DATA FOR PROCESSING section start
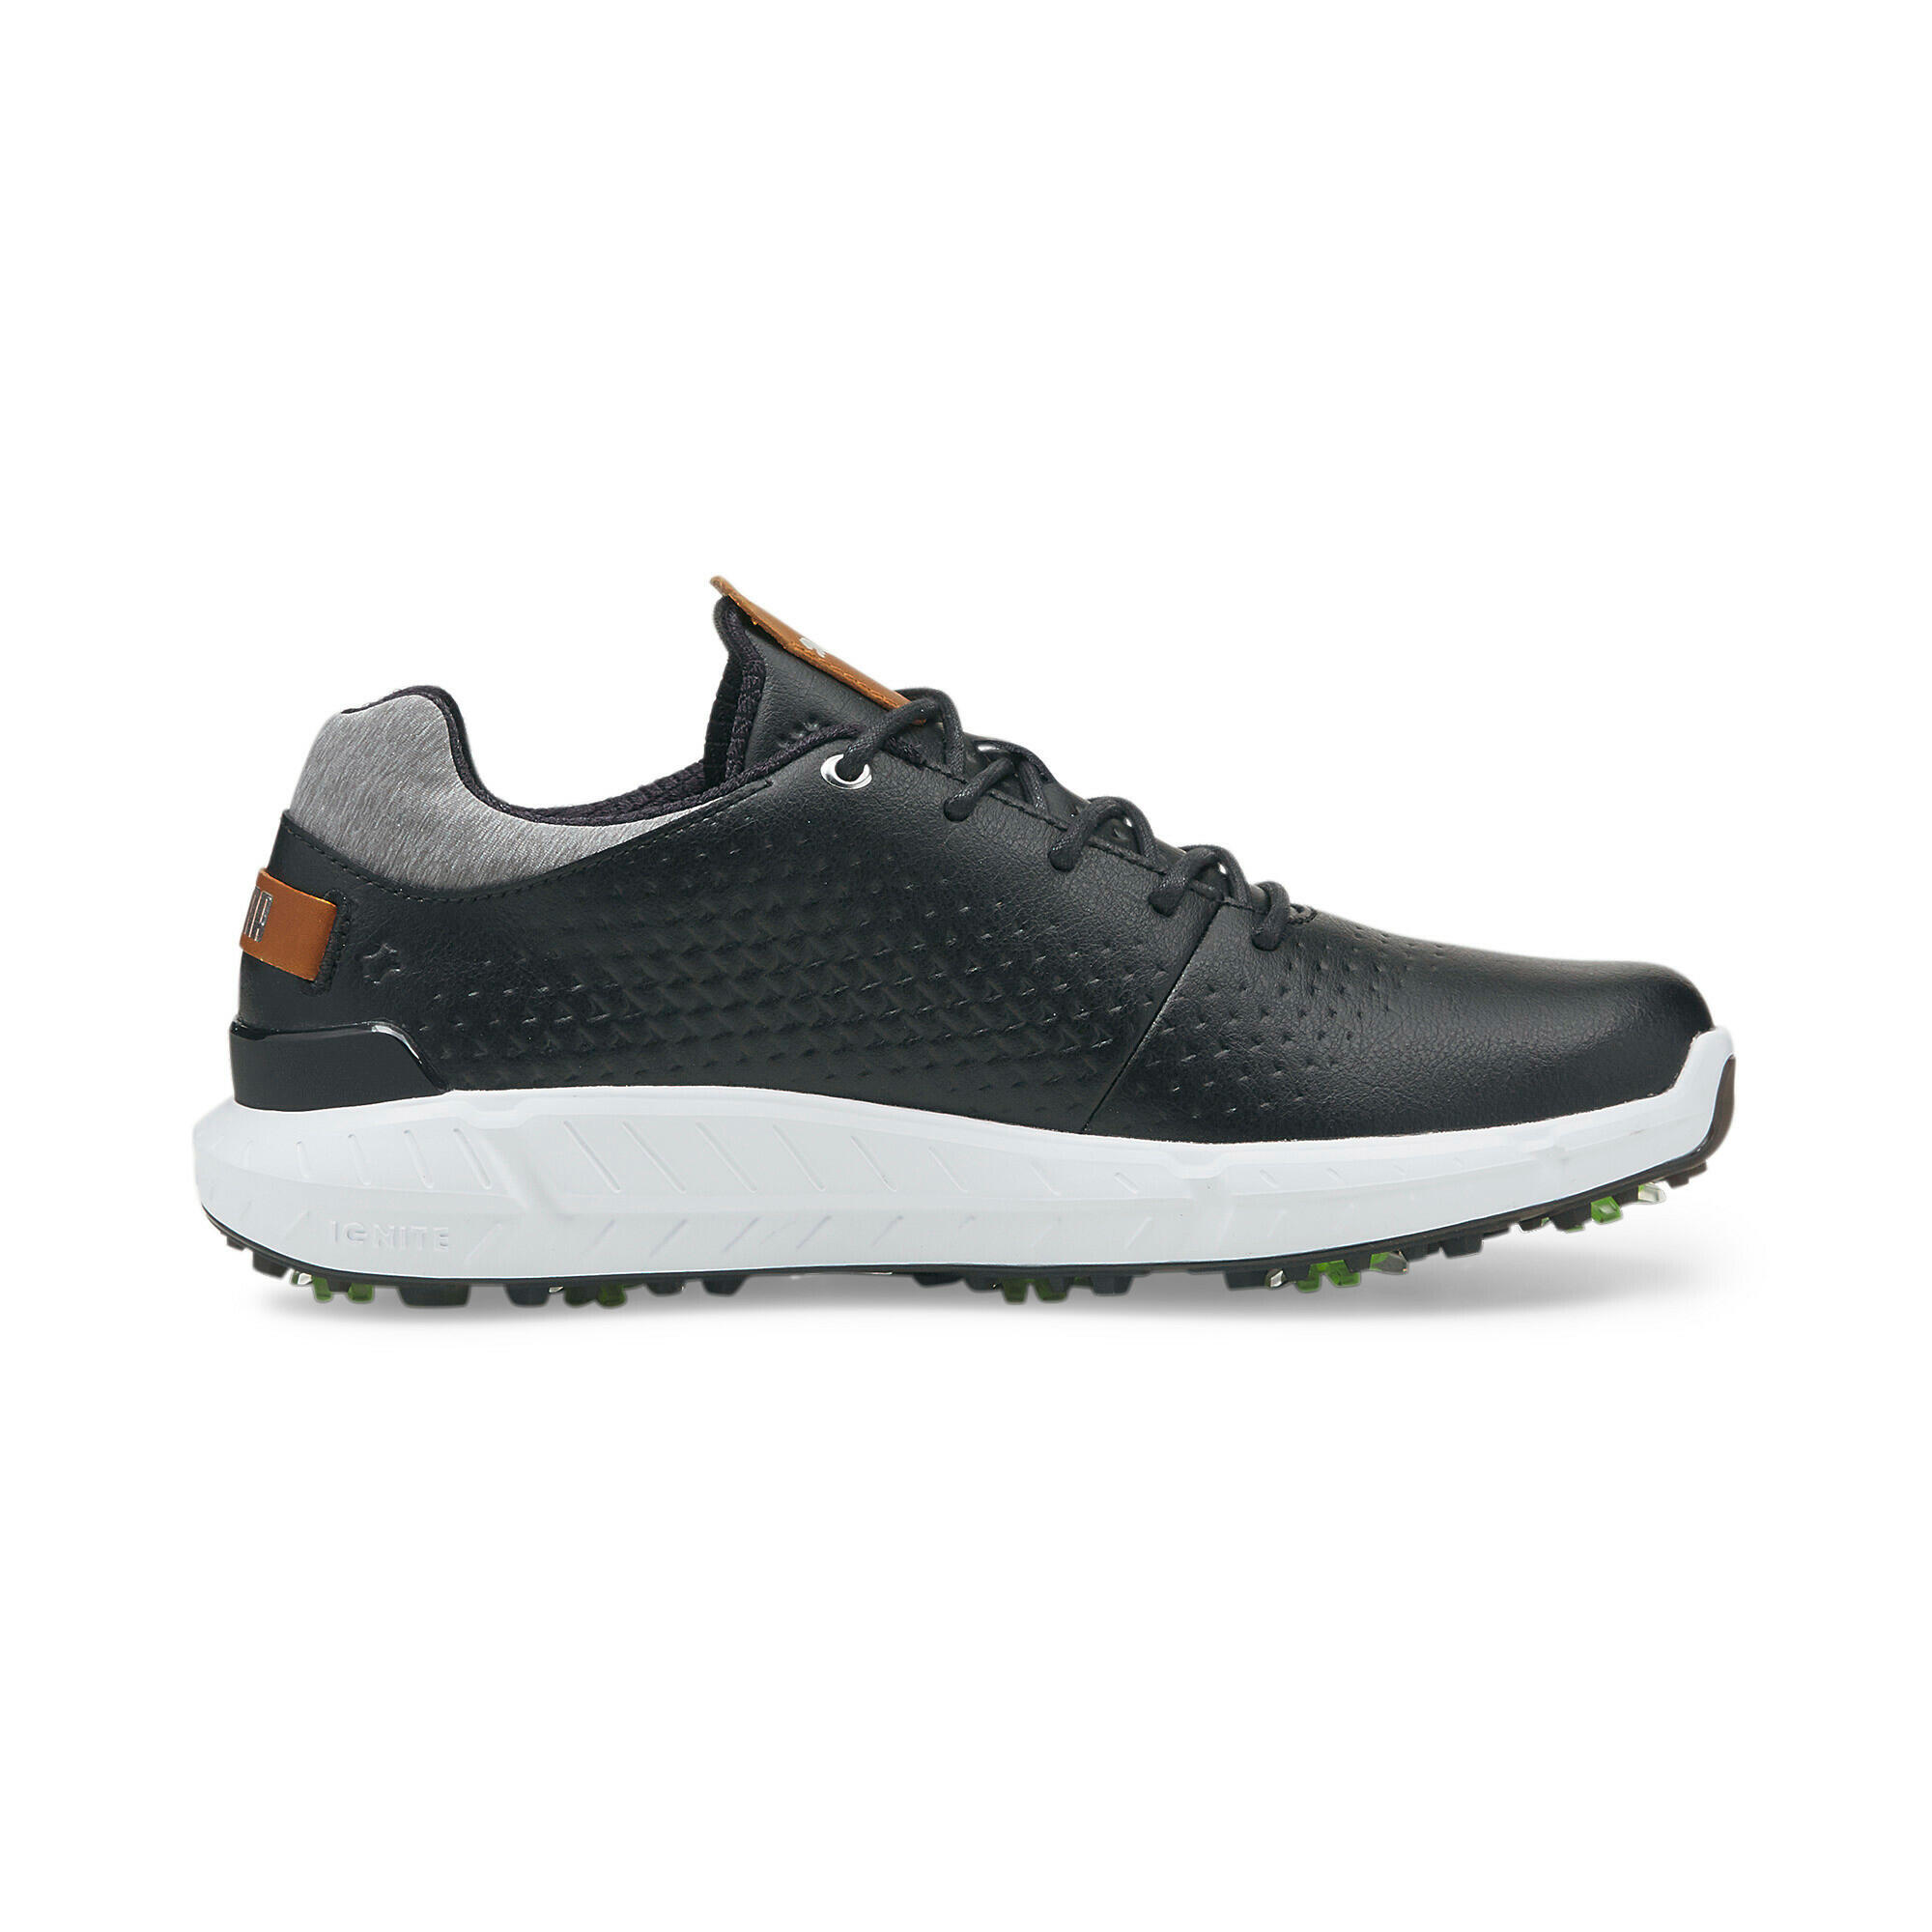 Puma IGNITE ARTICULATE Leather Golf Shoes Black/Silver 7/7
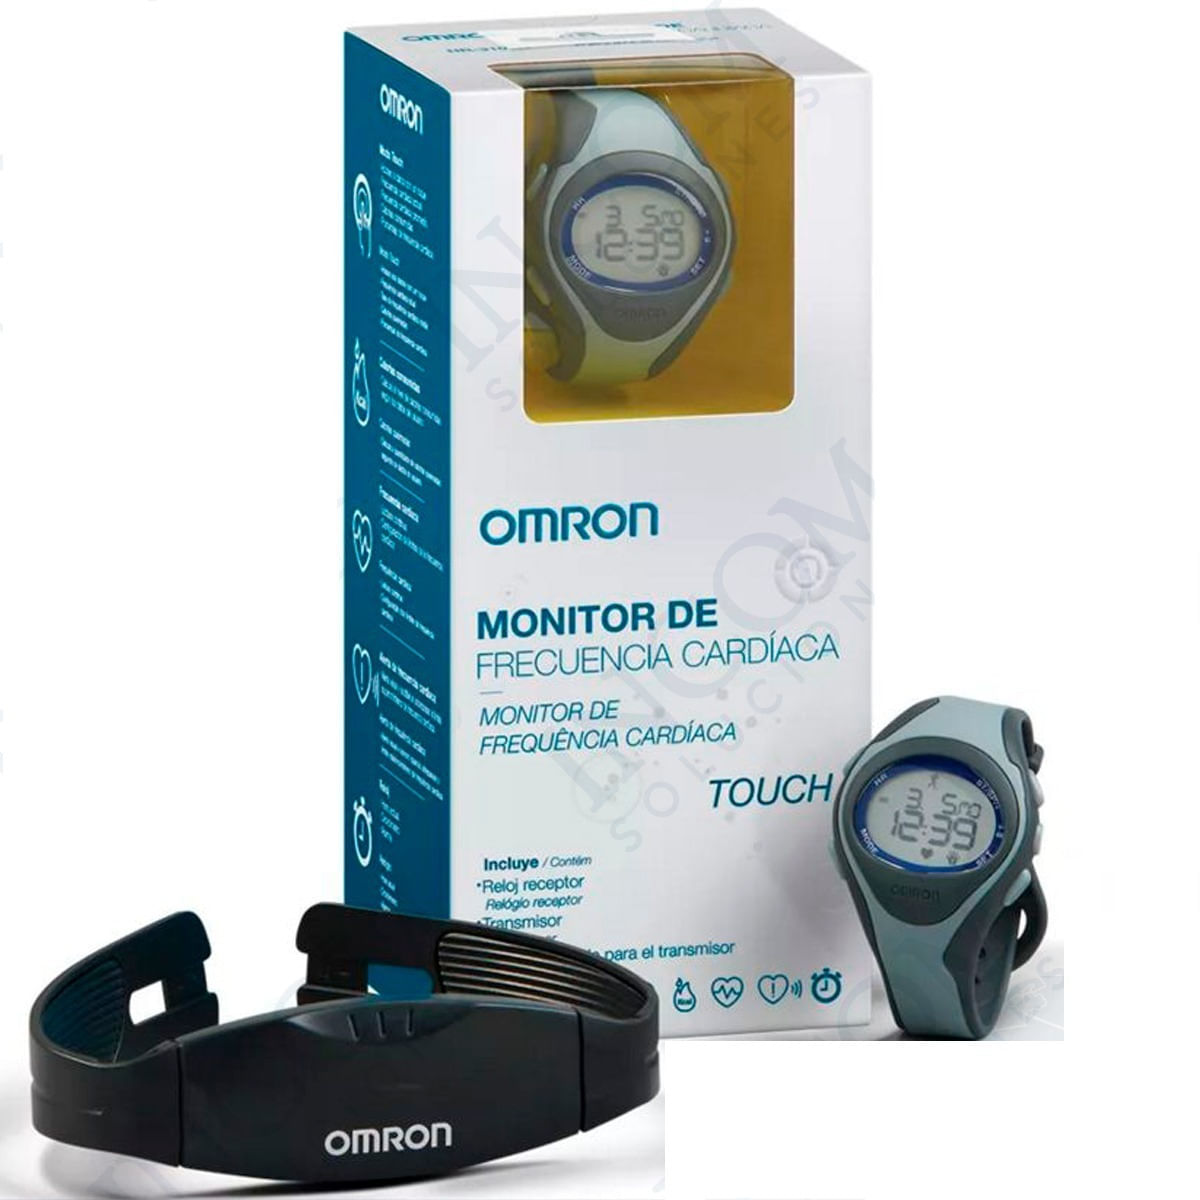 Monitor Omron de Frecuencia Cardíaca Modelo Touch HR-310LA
DATA FOR PROCESSING section end
DATA FOR PROCESSING section start
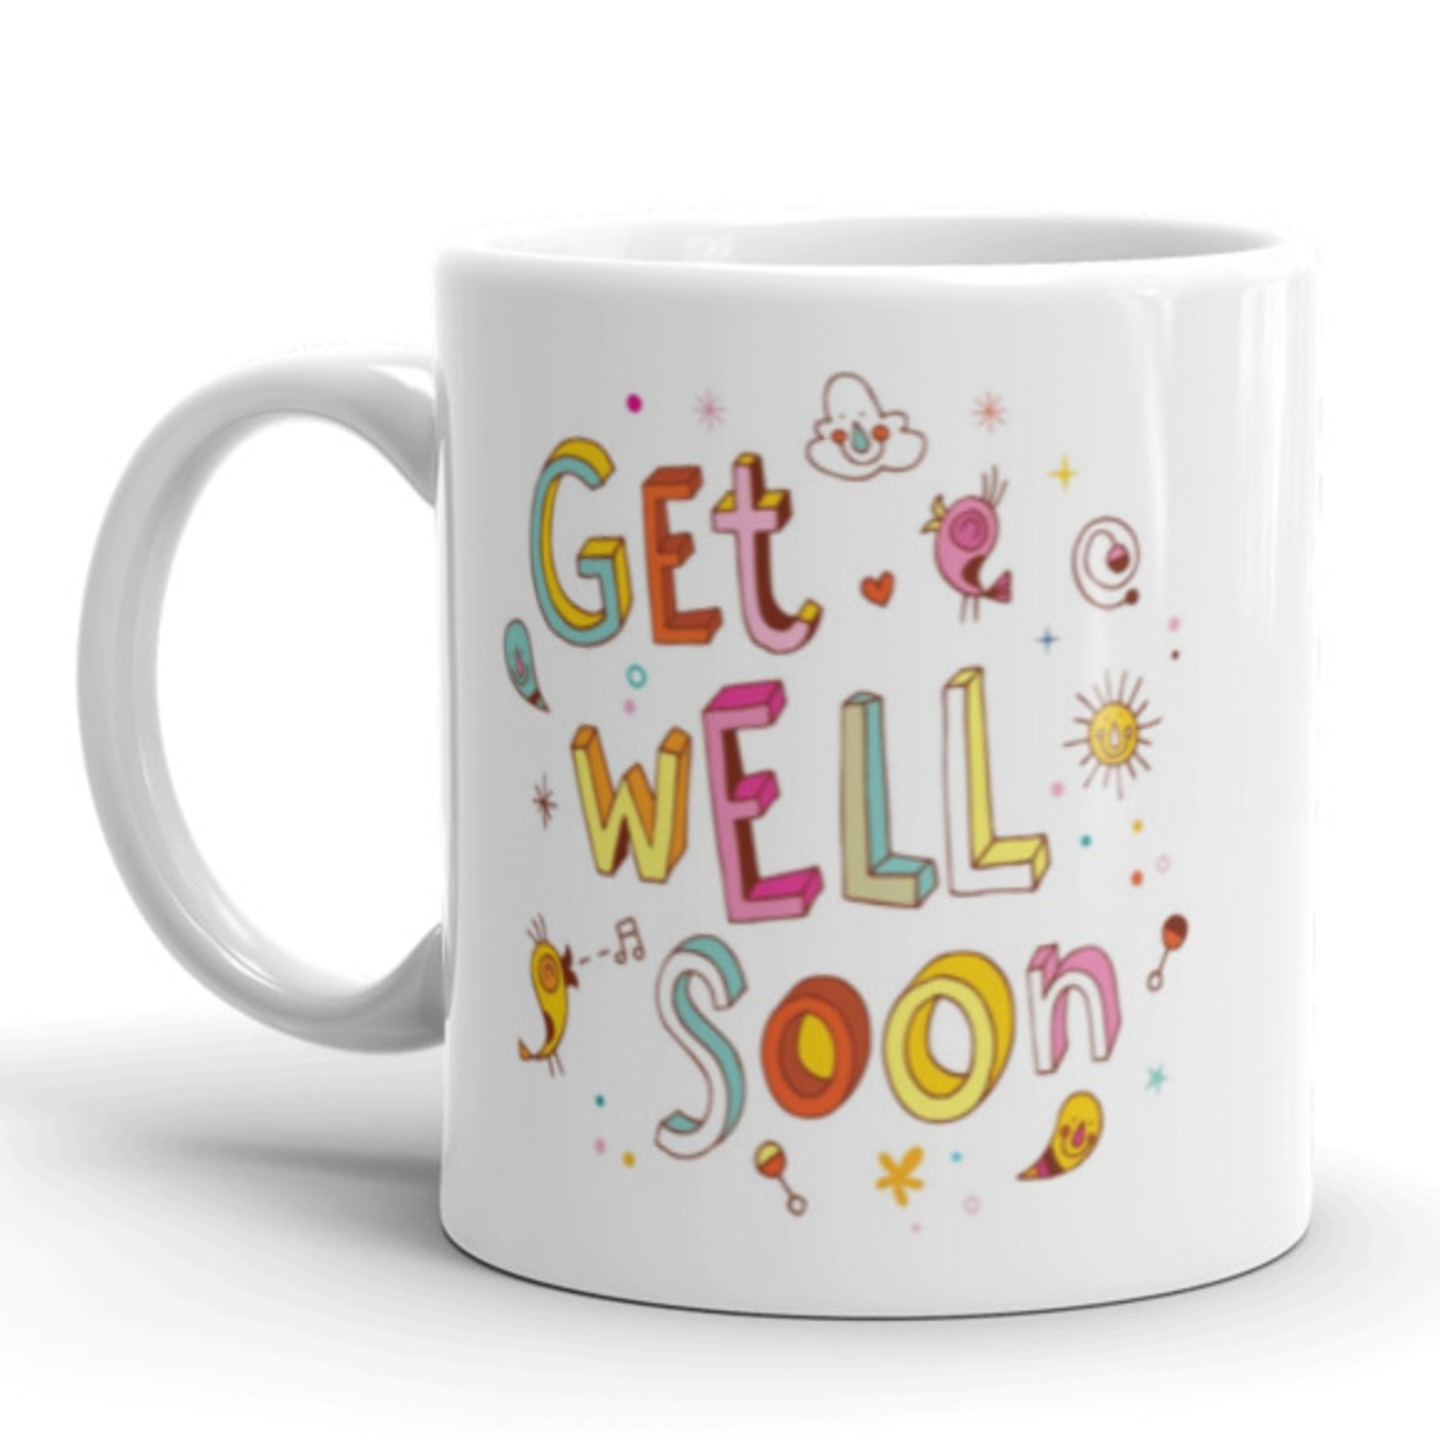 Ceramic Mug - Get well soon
DATA FOR PROCESSING section end
● TASK DESCRIPTION
Repeat exactly the lines above, beginning at the one containing "Puma IGNITE ARTICULATE" and ending at the one containing "Monitor Omron de". Do not carry over any pictures.

● RESPONSE BOX
 Puma IGNITE ARTICULATE Leather Golf Shoes Black/Silver 7/7
 Monitor Omron de Frecuencia Cardíaca Modelo Touch HR-310LA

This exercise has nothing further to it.